18. The method of claim 11, wherein requesting the multi-transport path connection comprises: requesting, at the multi-home adaptation layer, the multi-transport path connection by transmitting the first and second network element multi-transport addresses, including transport addresses passing through mutually different communication networks, to the second network element by using a set-up message; and transmitting, at the multi-home adaptation layer of the second network element, the second network element multi-transport addresses corresponding to the transport addresses passing through the different communication networks, which have been received at the time of the multi-transport path connection request, by using a set-up acknowledgement message.

19. The method of claim 15, wherein requesting the multi-transport path connection using a set-up message comprises: assigning an identification number and a priority to each of the multi-transport addresses; and recording the multi-transport addresses and the identification numbers in the set-up message and transmitting the set-up message in accordance with the relevant priorities.

20. The method of claim 15, wherein requesting the multi-transport path connection comprises transmitting IP addresses and port numbers as multi-transport addresses if the communication networks, which become the transport paths to the second network element are IP based packet networks or by transmitting an ATM address as multi-transport addresses if the communication networks are the ATM based packet networks.

21. The method of claim 15, wherein the transmission of the multi-transport addresses using a set-up response at the multi-home adaptation layer of the second network comprises recording the second network element multi-transport addresses corresponding to the multi-transport addresses requested by the first network element (connection requesting network element) for connection and their respective identification numbers in a set-up acknowledgement message and transmitting the set-up acknowledgement message to the originating network element according to the same priorities.

22. A system for multiplexing transport paths of first and second packet network based network elements, comprising: a transport layer configured to connect first and second network elements; an application layer configured to support network utilities or application programs at the first and second network element; a multi-home adaptation layer implemented between the transport layer and the application layer for multiplexing transport paths; first and second network element multi-transport addresses; and a multi-transport path connection configured to transmit the first network element multi-transport address according to priorities to the second network element, wherein the second network element sends the multi-transport and initializes a connection of the multi-transport paths between the first and second relevant network elements.

23. The system of claim 22, further comprising a main transport path, configured to transmit control messages to the second network element.

24. The system of claim 23, wherein the main transport path is selected from among the initialized multi-transport paths.

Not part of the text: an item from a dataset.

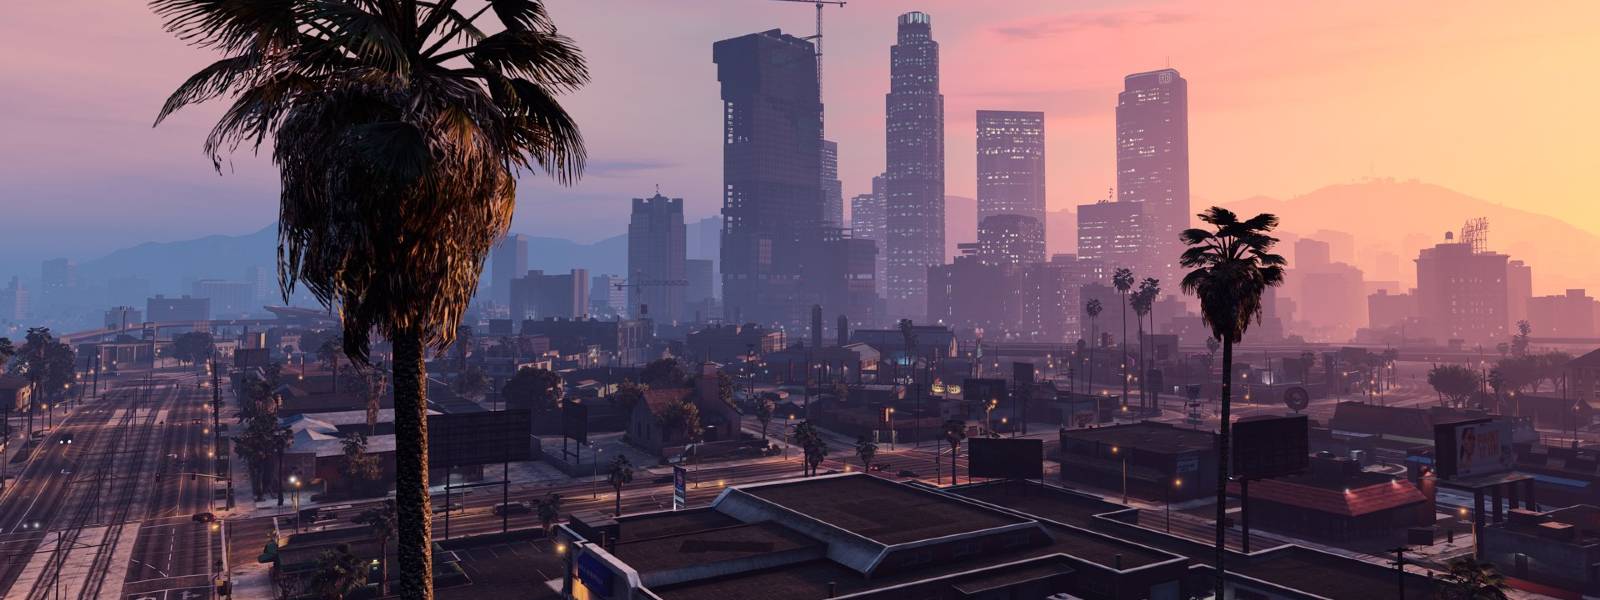 GTA 6 footage leaked, company says development will continue as planned

25. The system of claim 22, wherein the multi-home adaptation layer is configured to: check whether a failure has occurred on any of the multi-transport paths connecting the first and second network elements; determine if a failure has occurred on the main transport path from which the control messages are transmitted; and substitute the main transport path with another multi-transport path on which no failure has occurred, if the failure has occurred on any of the multi-transport paths.

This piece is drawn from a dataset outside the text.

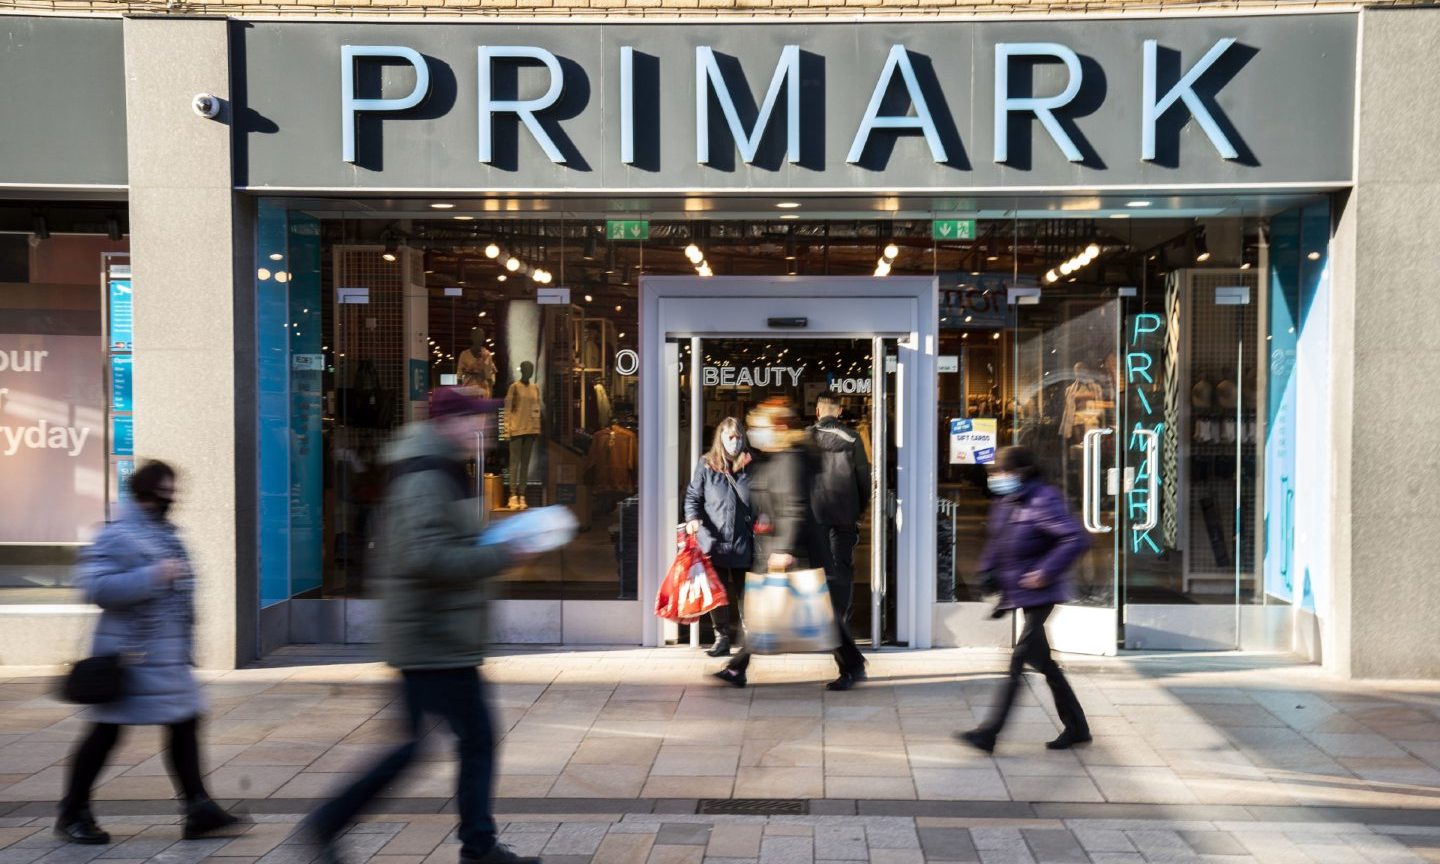 Primark has denied it is moving to the Kingdom Shopping Centre in Glenrothes

26. The system of claim 25, wherein the multi-home adaptation layer is configured to substitute the main transport path with another multi-transport path if an upper application layer requests the substitution of the main transport path after the connection of the multi-transport paths has been initialized at the multi-home adaptation layer.

27. The system of claim 25, wherein the multi-home adaptation layer is configured to substitute main transport paths in a fail over message, transmit an address information a second network element, and receive a fail over acknowledgment message from the second network element.